Segment Start: DATA SECTION

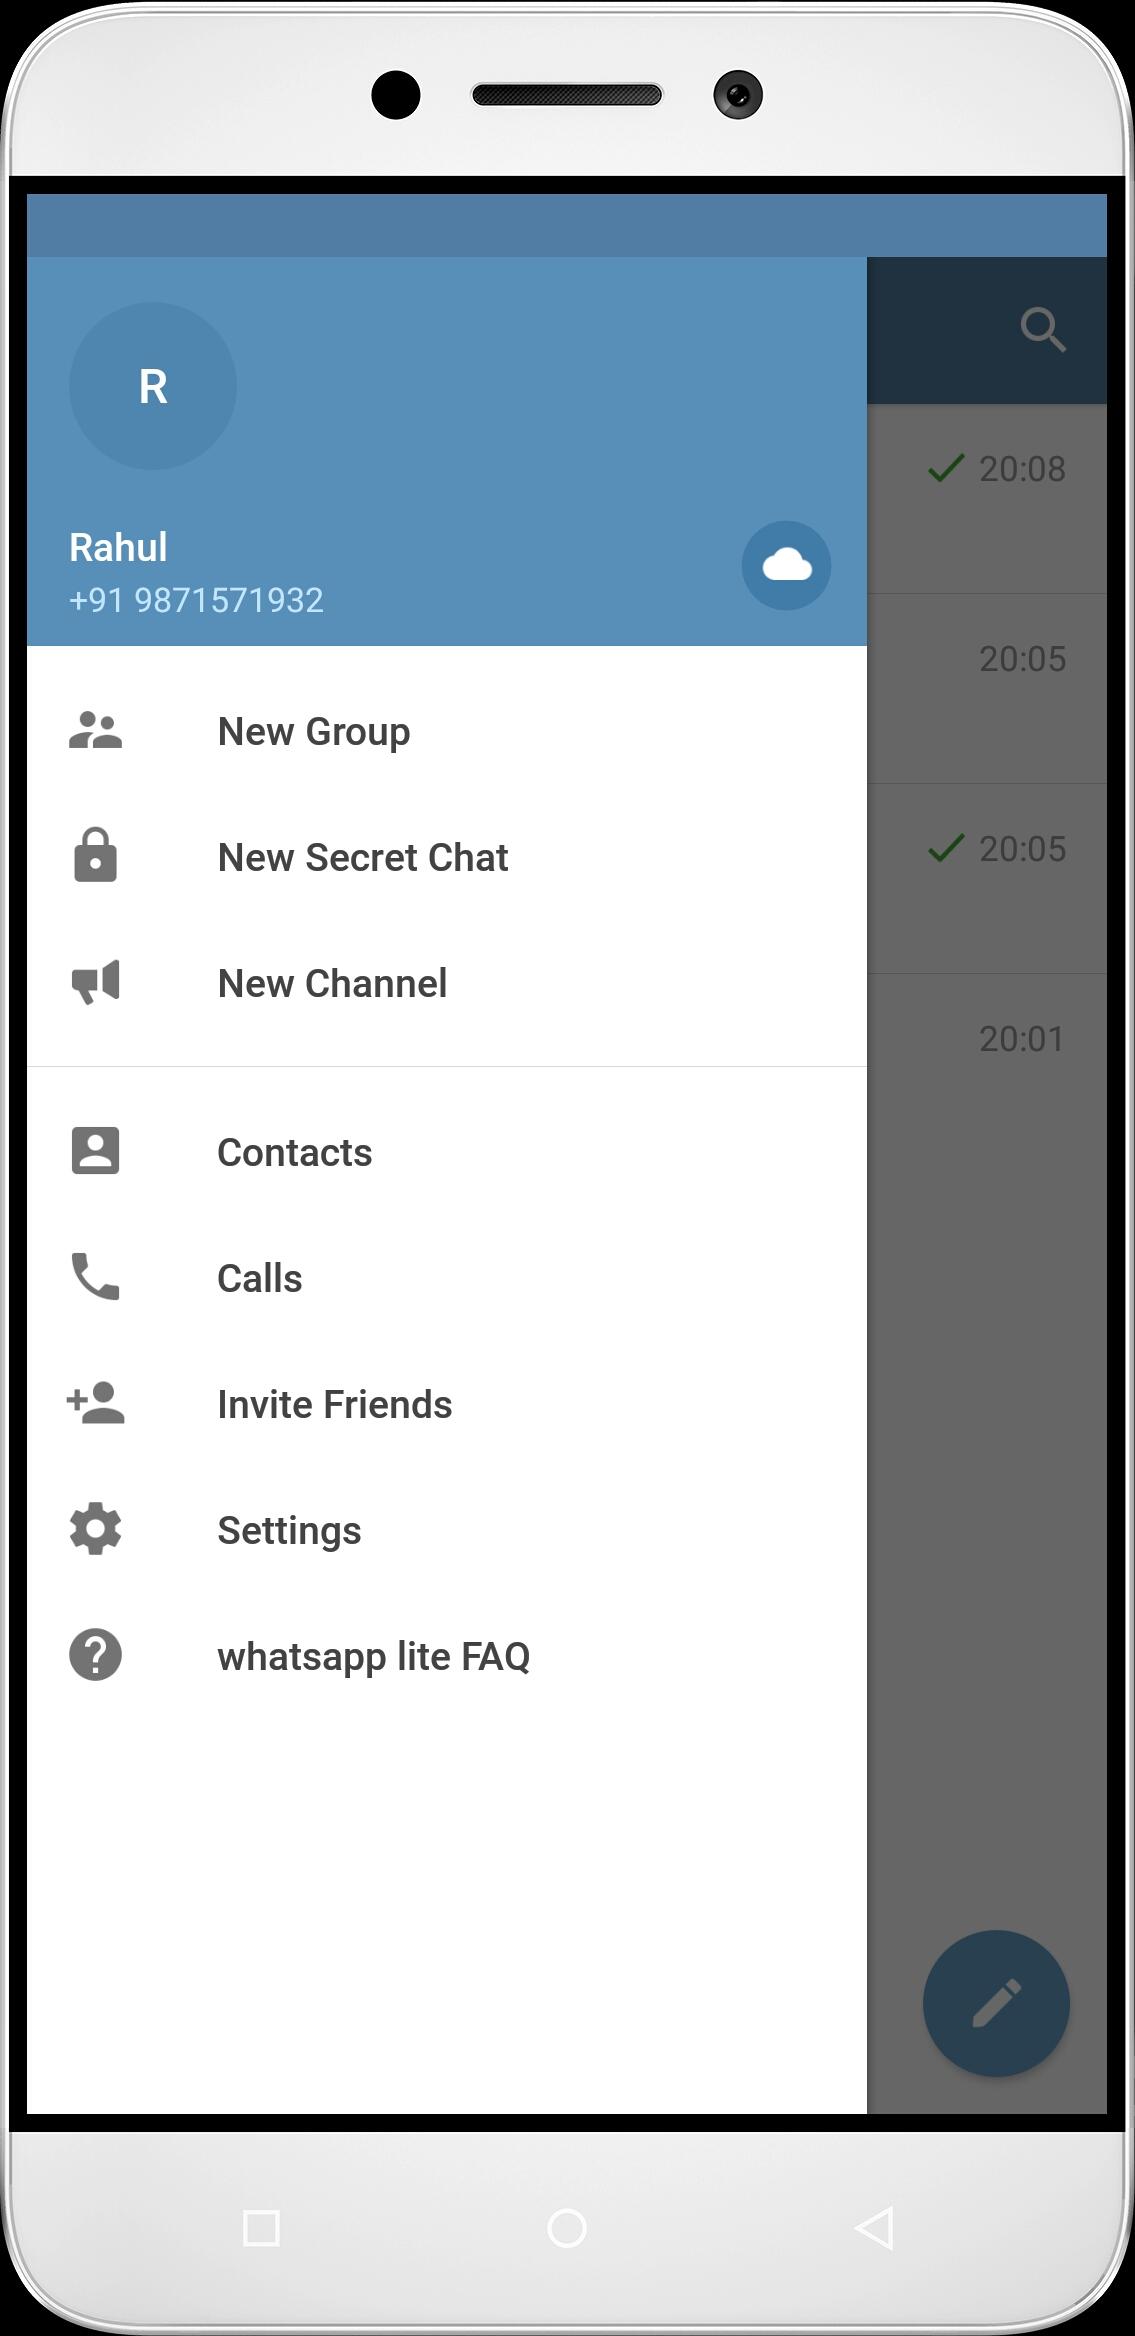 whatsapp lite Android App - Download whatsapp lite
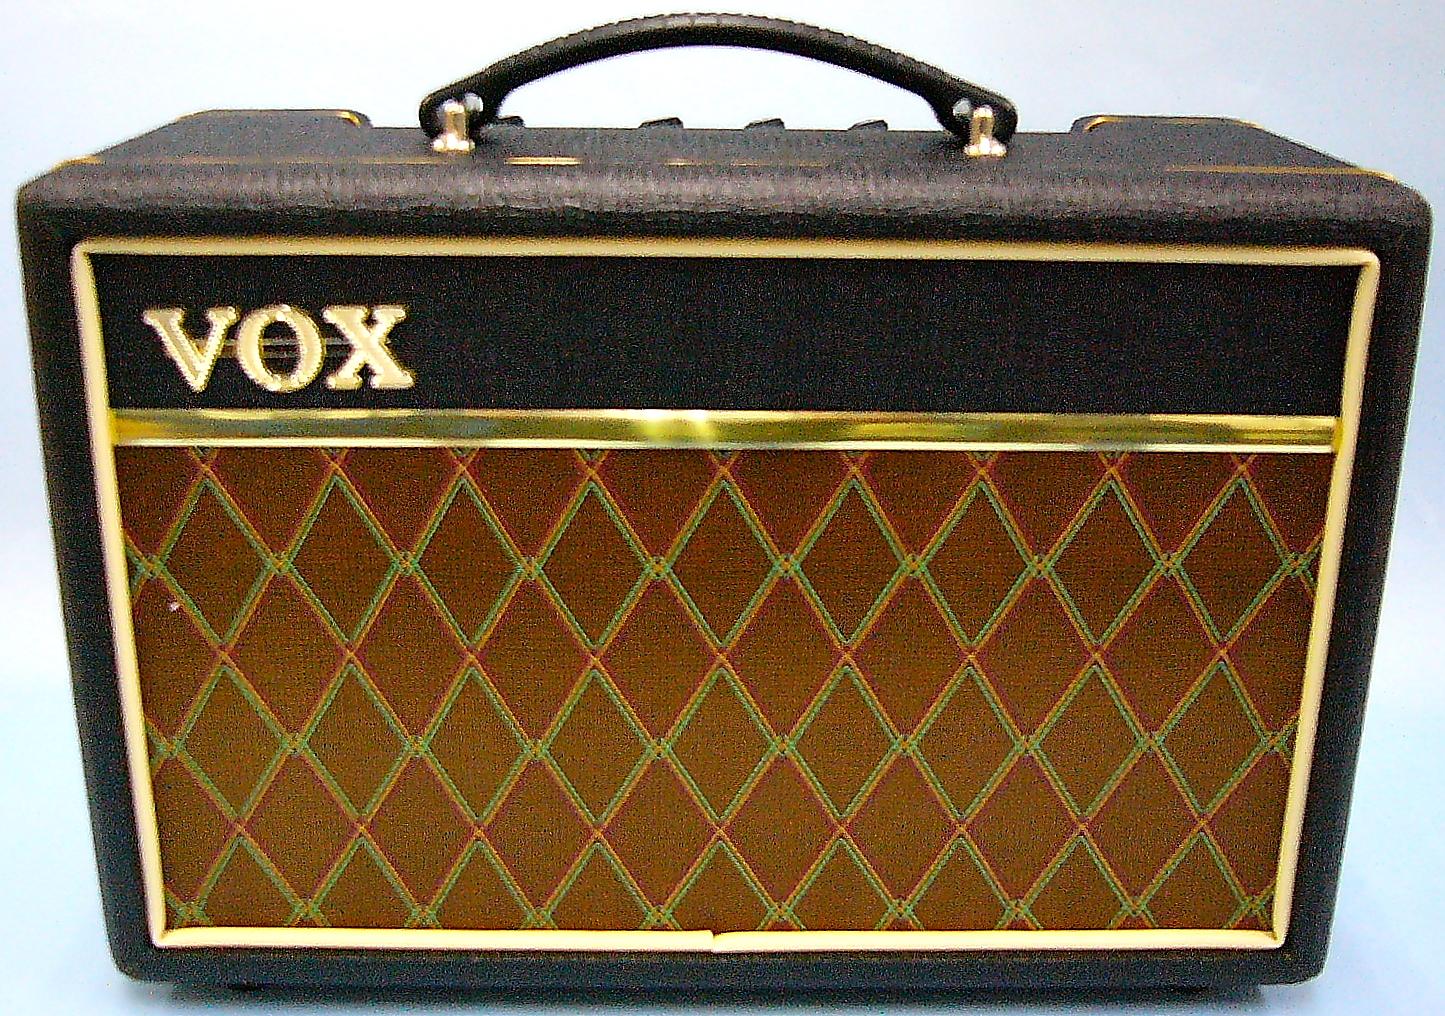 VOX ギターアンプ Pathfinder 10
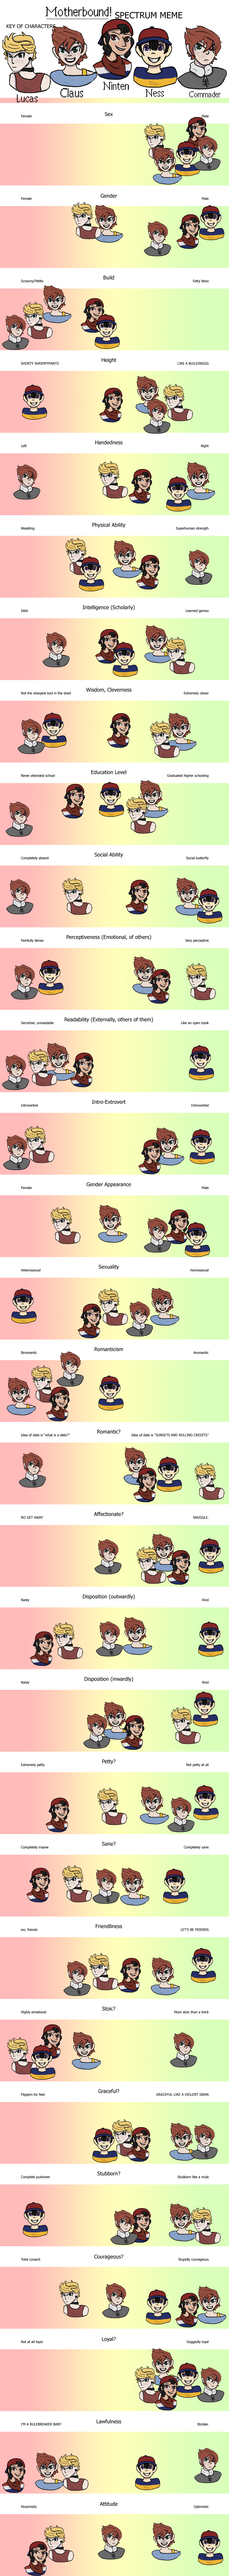 Spectrum Meme Motherbois By Songbird88 Spectrum Meme Motherbois By Songbird88

Segment End: DATA SECTION

> _EXERCISE_: Skip the images and write out the rest of the listing exactly.

> _OUTPUT OF THE EXERCISE_:
 whatsapp lite Android App - Download whatsapp lite
 VOX ギターアンプ Pathfinder 10
 Spectrum Meme Motherbois By Songbird88 Spectrum Meme Motherbois By Songbird88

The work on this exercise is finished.